Since then, some ultra-nationalists and skinheads who considered Azeris their main enemies joined law enforcement agencies, he added.
“So, the cruelty in Yekaterinburg may have been caused by” the decades-old hatred, Mitrokhin told Al Jazeera.
Strained ties
Other geopolitical factors contributed to anti-Azeri sentiments in Russia.
In 2020, Azerbaijan put an end to the seemingly unsolvable political deadlock over Nagorno-Karabakh.
“The success undoubtedly became possible thanks to Turkiye’s military aid,” Alisher Ilkhamov, head of Central Asia Due Diligence, a think tank in London, told Al Jazeera.
Baku bought advanced Turkish-made Bayraktar drones that could easily strike large groups of Armenian and separatist soldiers, together with their trenches, tanks and trucks.

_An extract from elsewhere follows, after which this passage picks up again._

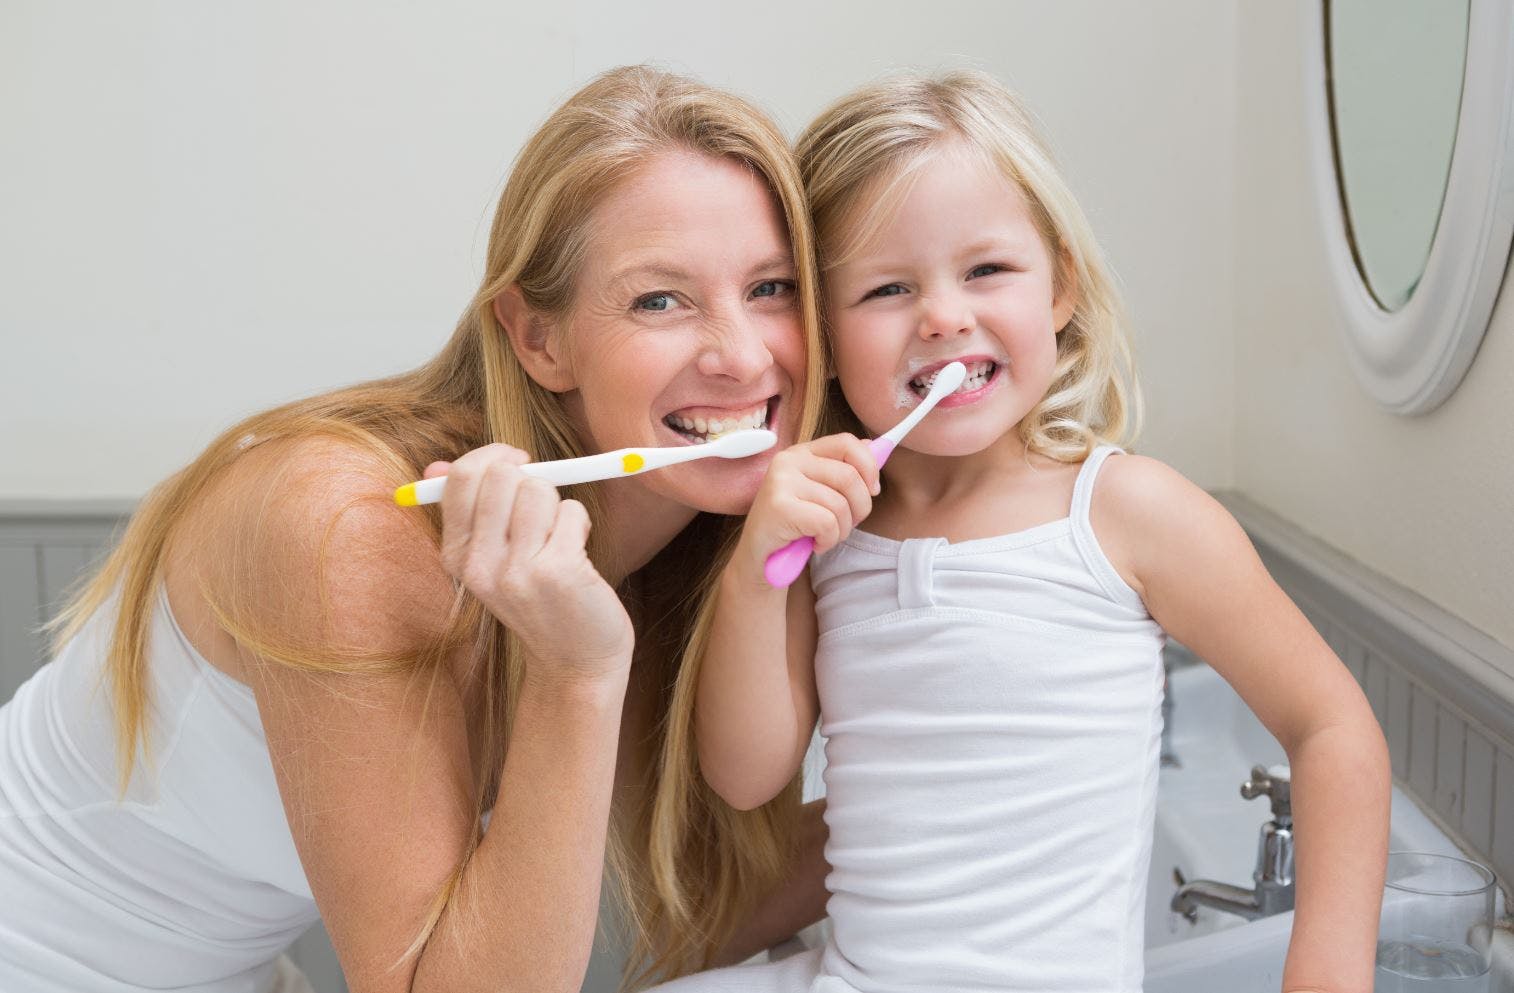 Det er en god idé at hjælpe børn med tandbørstningen til de bliver 10 år.

An Azeri-Turkish alliance emerged, “allowing Baku to get rid of Moscow’s obtrusive ‘peacekeeping’ mission and depriving it of a chance to manipulate the Azeri-Armenian conflict to keep both [Azerbaijan and Armenia] in its political orbit”, he said.
The alliance tarnished Moscow’s clout in South Caucasus, while Baku sympathised with Kyiv in the Russian-Ukrainian war, he said.
Azerbaijan’s President Ilham Aliyev also accused Russia of obstructing an investigation into the downing of an Azeri passenger plane over Chechnya last December.
The plane was apparently hit by panicking Russian air defence forces during a Ukrainian drone attack on Grozny, Chechnya’s administrative capital.
Aliyev also refused to take part in the May 9 parade on Moscow’s iconic Red Square to commemorate Russia’s role in defeating Nazi Germany in 1945.
Baku fiercely resists the Kremlin’s campaign to forcibly enlist Azeri labour migrants to join Russia’s war effort in Ukraine.
Ilkhamov said the violent sting in Yekaterinburg became part of the Kremlin’s efforts to “frighten the Azeri community in Russia”.